# Instructions for the task:
No pictures go into the copy. Write out every line below exactly.

# Information provided:

- - - -

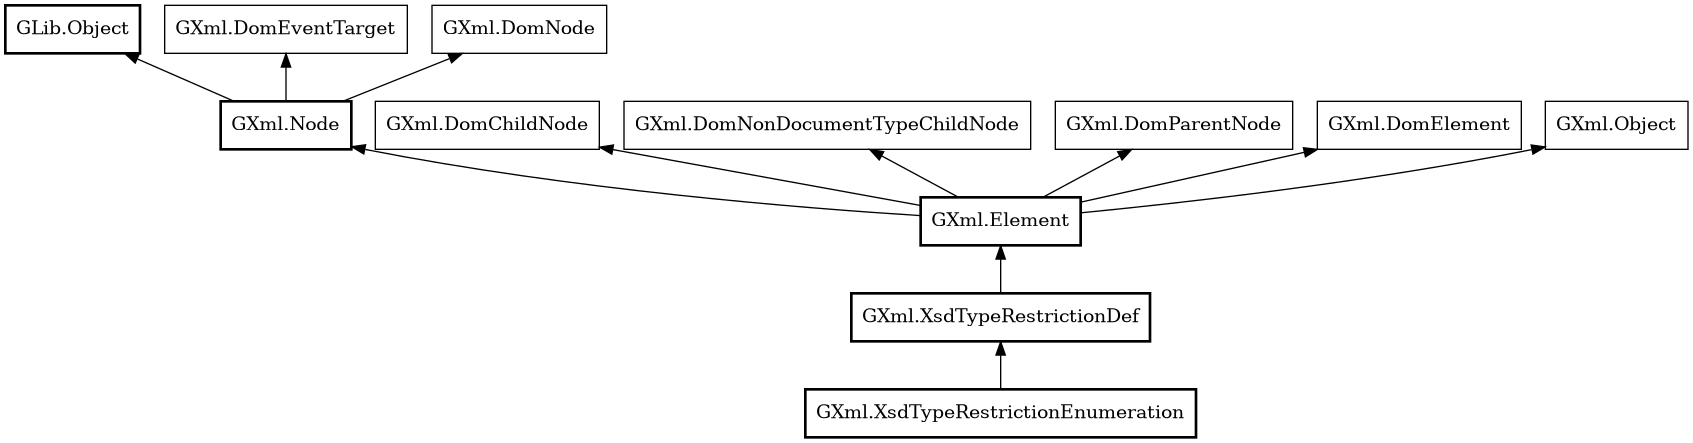 Object hierarchy for XsdTypeRestrictionEnumeration
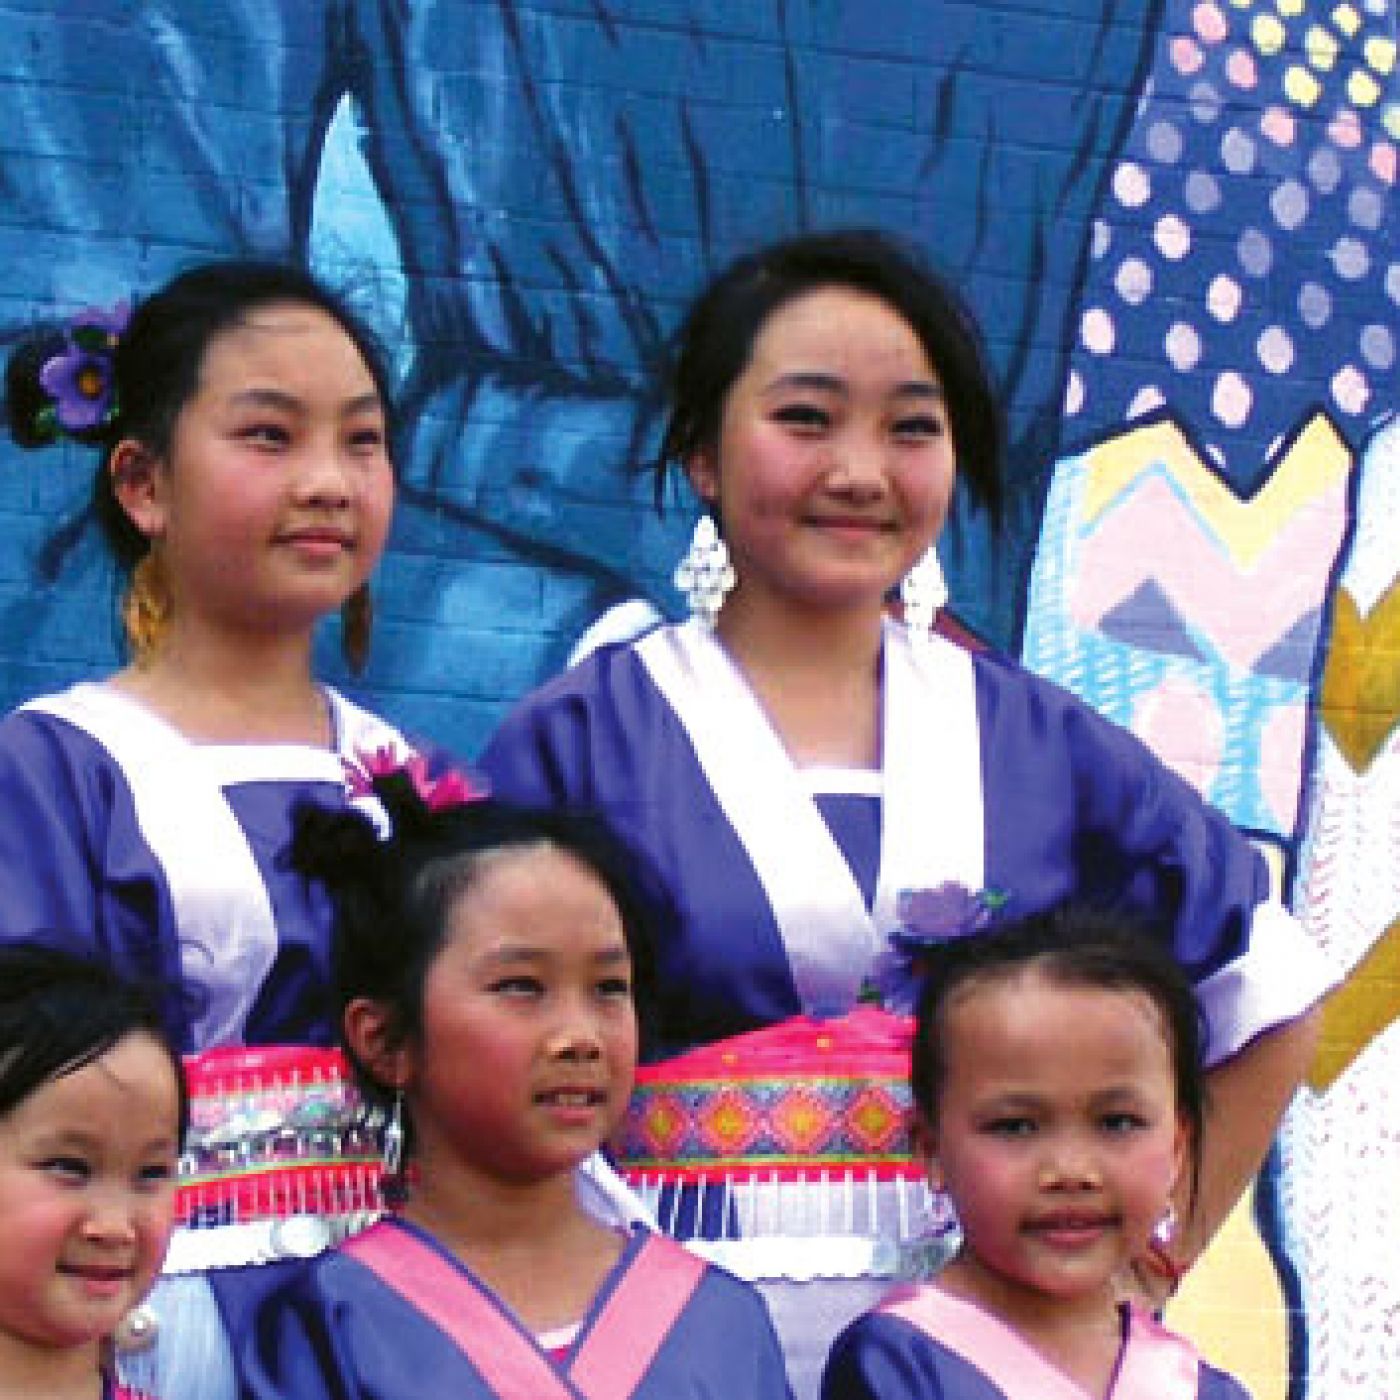 Young Hmong women in front of mural
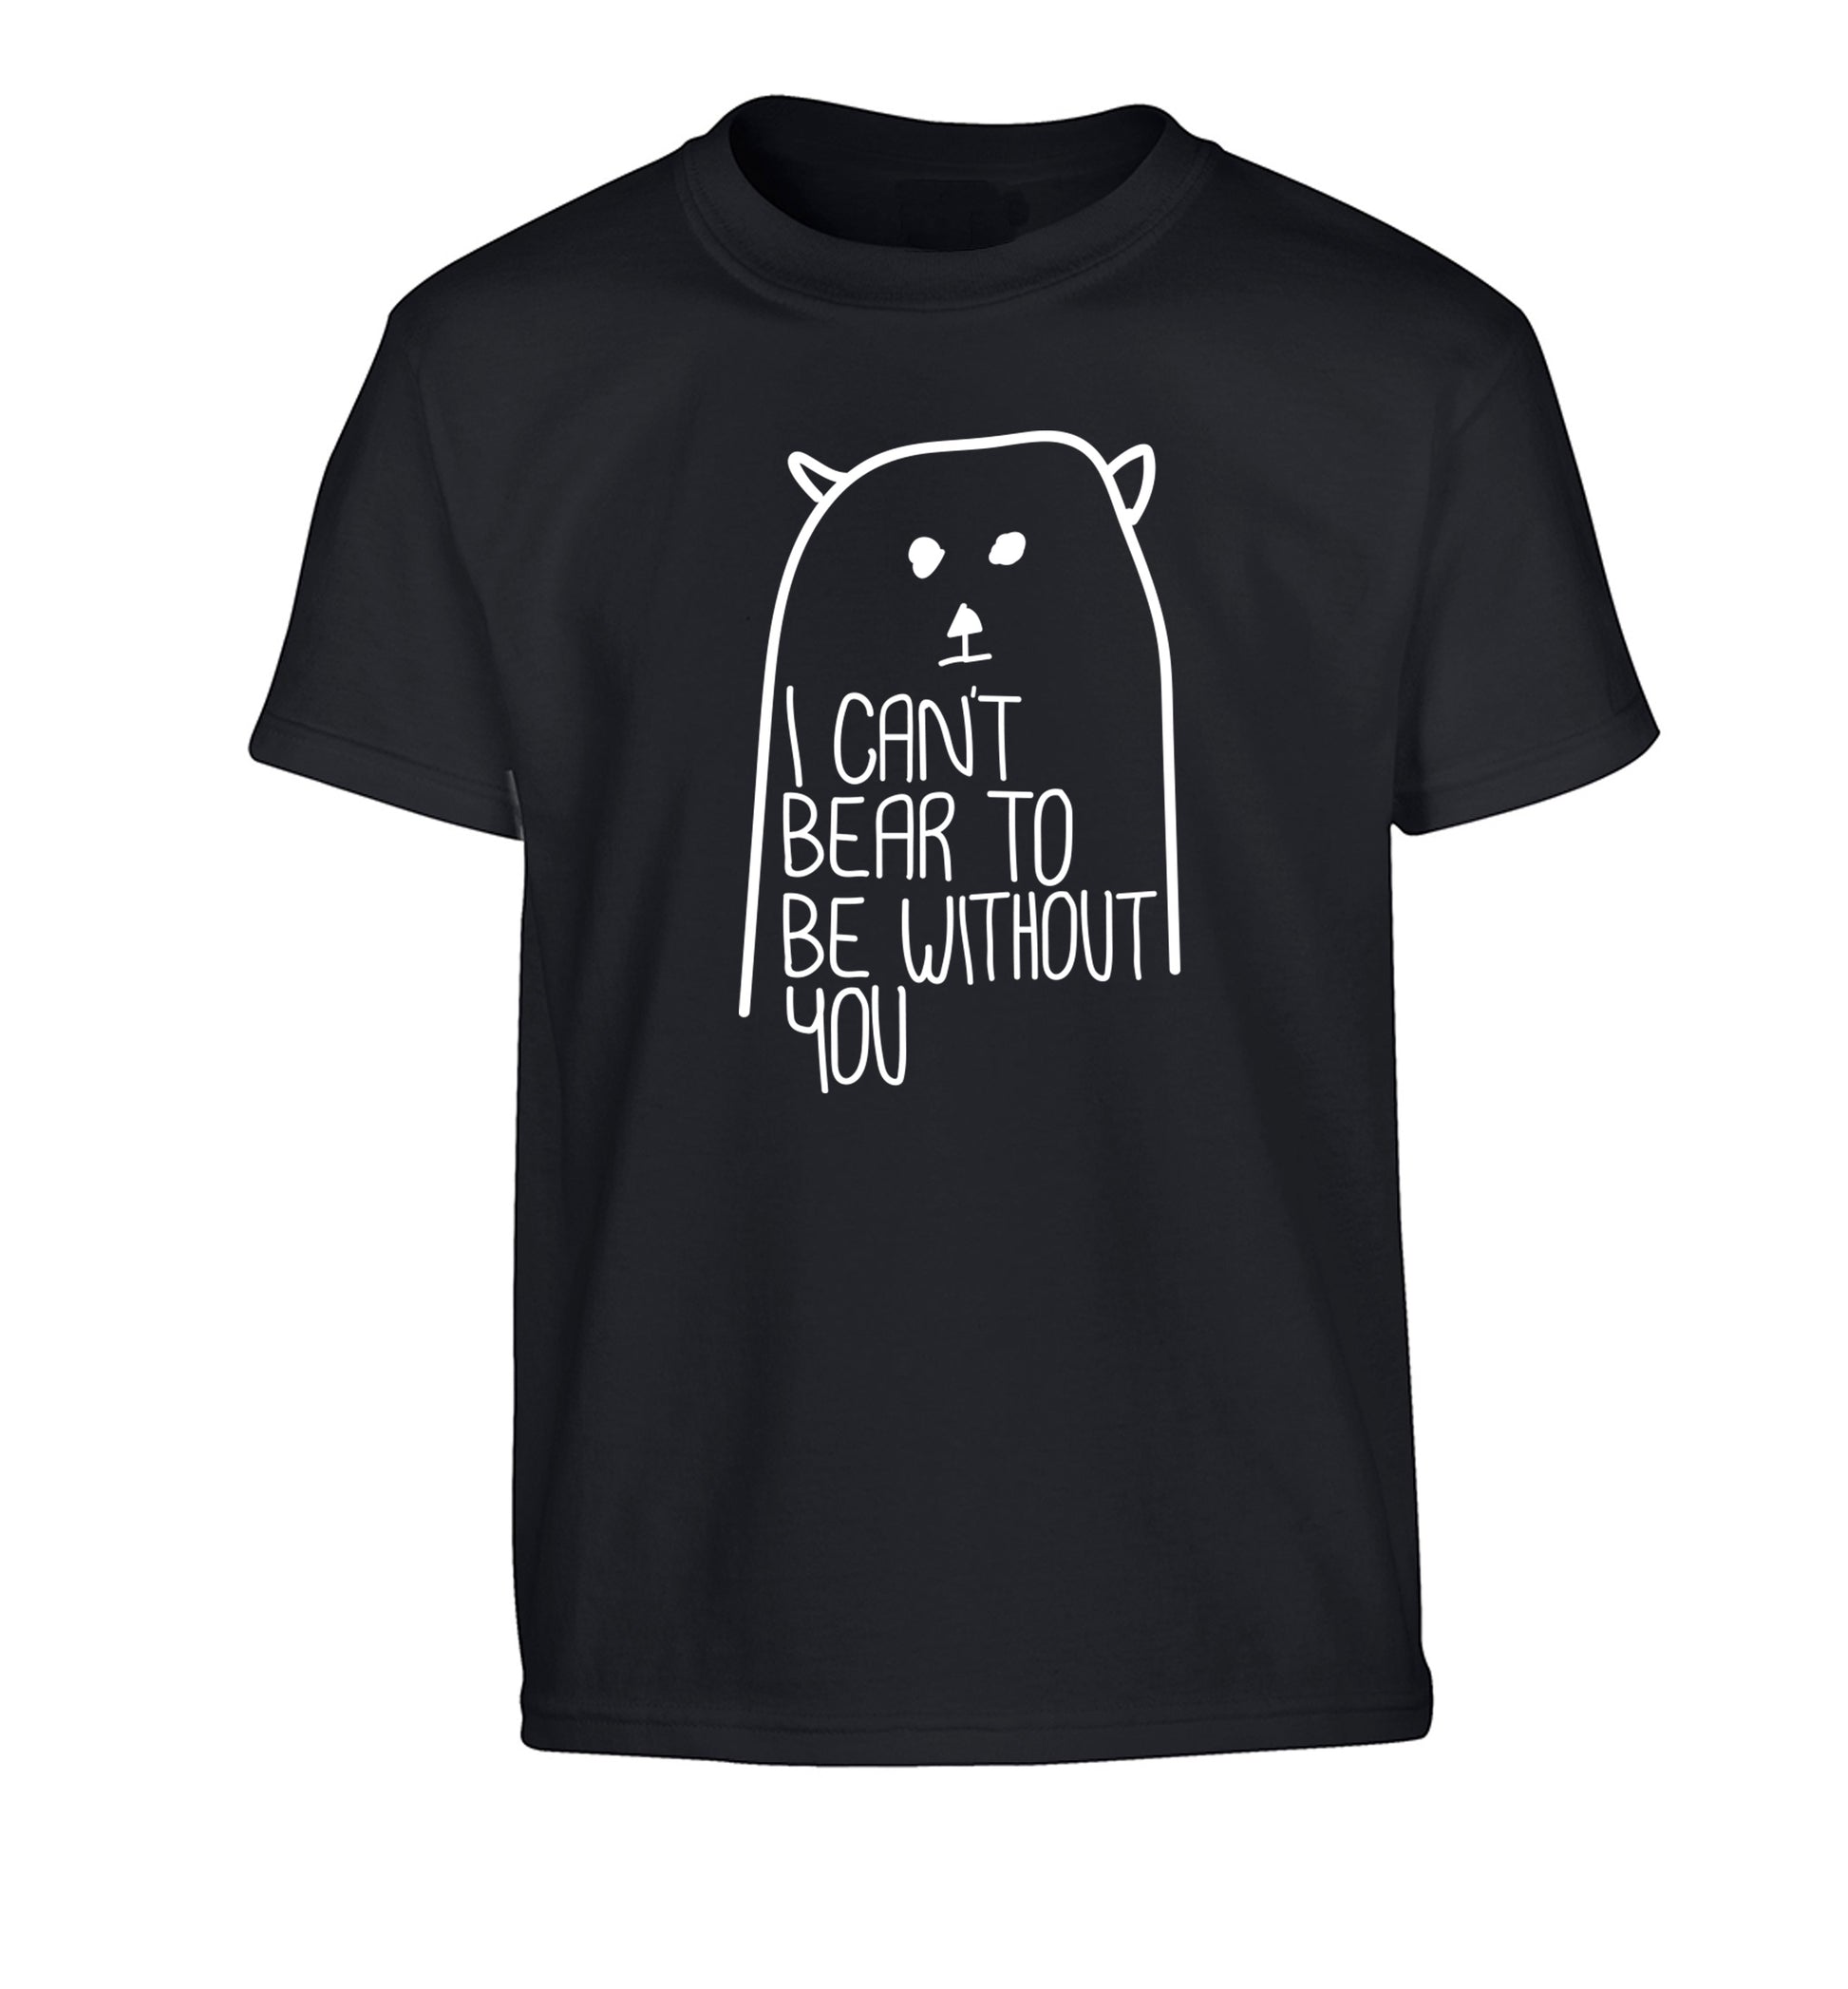 I can't bear to be without you Children's black Tshirt 12-13 Years

- - - -

# Answer space:
 Object hierarchy for XsdTypeRestrictionEnumeration
 Young Hmong women in front of mural
 I can't bear to be without you Children's black Tshirt 12-13 Years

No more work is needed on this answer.